Borrowing from general industry, the University of Pittsburgh Medical Center is racing toward capturing a more accurate and detailed picture of what it costs to provide care. Armed with that data, medical center officials hope to create a more efficient delivery model.
"As an industry, we've talked for a long time about understanding costs, controlling costs, reducing costs and doing a better job of managing resources, but I would say we haven't done a great job of that," says Robert DeMichiei, senior vice president and chief financial officer for UPMC. "We've always focused on the revenue side, the reimbursement side and revenue cycle initiatives to try to increase the top line, to try to pay for everything."
As public and private payers inch closer toward more value-based reimbursement — be it bundled payment or some other form of pay for performance — hospitals will be on the hook for assuming more risk in the care of patients. Knowing the true cost of that care at the outset becomes increasingly important.

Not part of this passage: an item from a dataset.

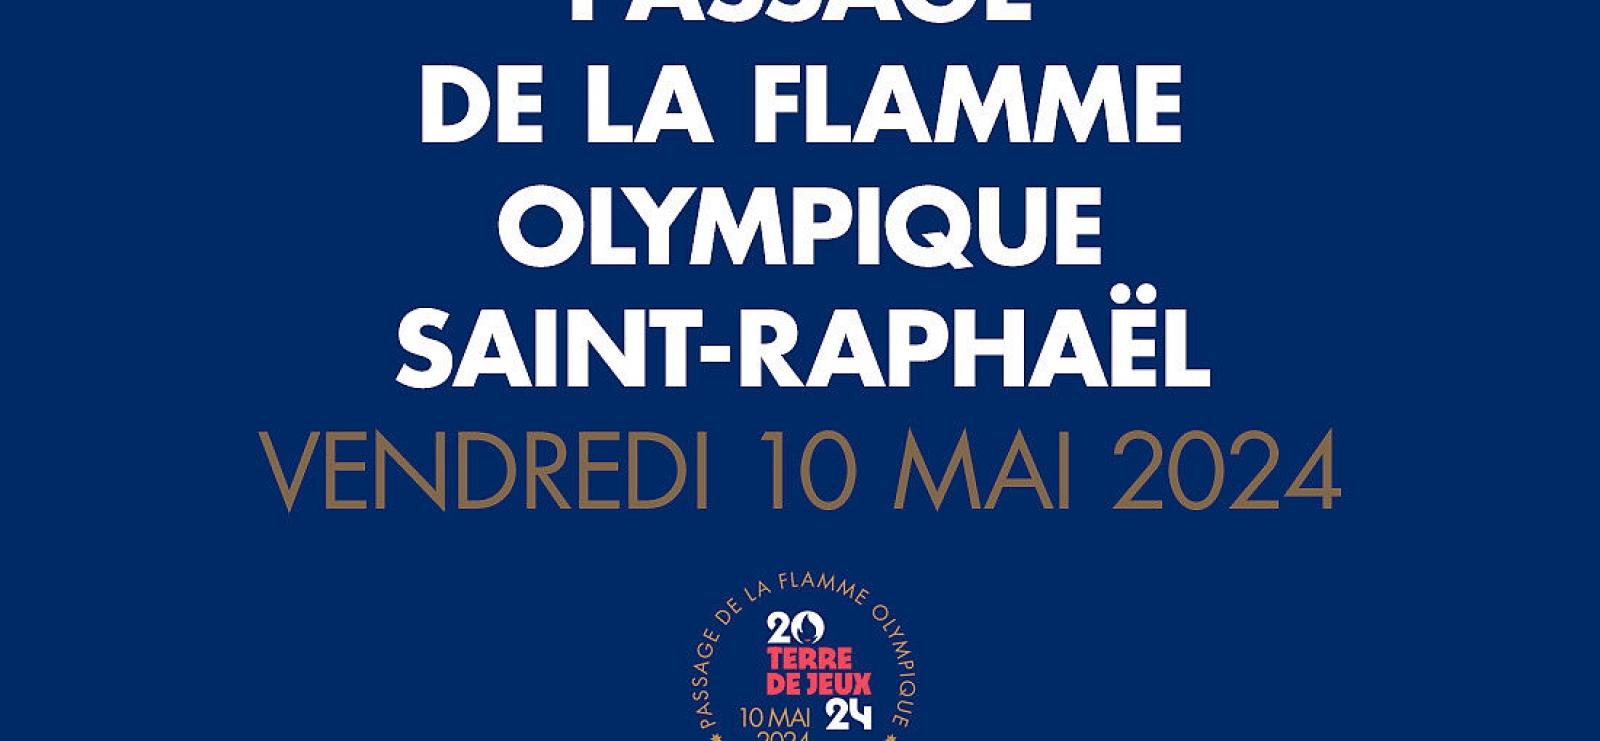 Passage de la Flamme Olympique à Saint-Raphaël

To that end, UPMC officials created their own cost-accounting system using what is called an activity-based approach, meaning that the steps in the care process are assigned a dollar value based on what they were estimated to cost. That contrasts with the broader-stroked methods, such as applying a cost-to-charge ratio approach that is in wide use, DeMichiei says.
The architect of UPMC's methodology, Pietro Ferrara, director of finance, adapted manufacturing cost-accounting techniques that combined data from separate clinical, operational and financial information systems. Ferrara, a former consultant to the Italian automaker Fiat, says UPMC identified more than 50 clinical activities for which the medical center assembled a framework to determine the cost of care for a particular patient. Examples of service groupings include imaging, interventional cardiology and laboratory.
The resultant cost data can be analyzed in a variety of ways, including at the physician level, information that UPMC doctors have found useful for clinical decision-making.
UPMC would like to have the system in place at its six hospitals this summer, and is in discussions with companies to commercialize it.
The timing may be right from a marketing standpoint. The Affordable Care Act and health care reform in general have driven increased interest by hospital leaders for improved cost accounting, says Steve Berger, president of Healthcare Insights LLC, a financial consultant that markets a cost-accounting program.
"Most hospitals don't have it," Berger says. "The ACA made a big difference and more hospitals than ever are looking at the concept."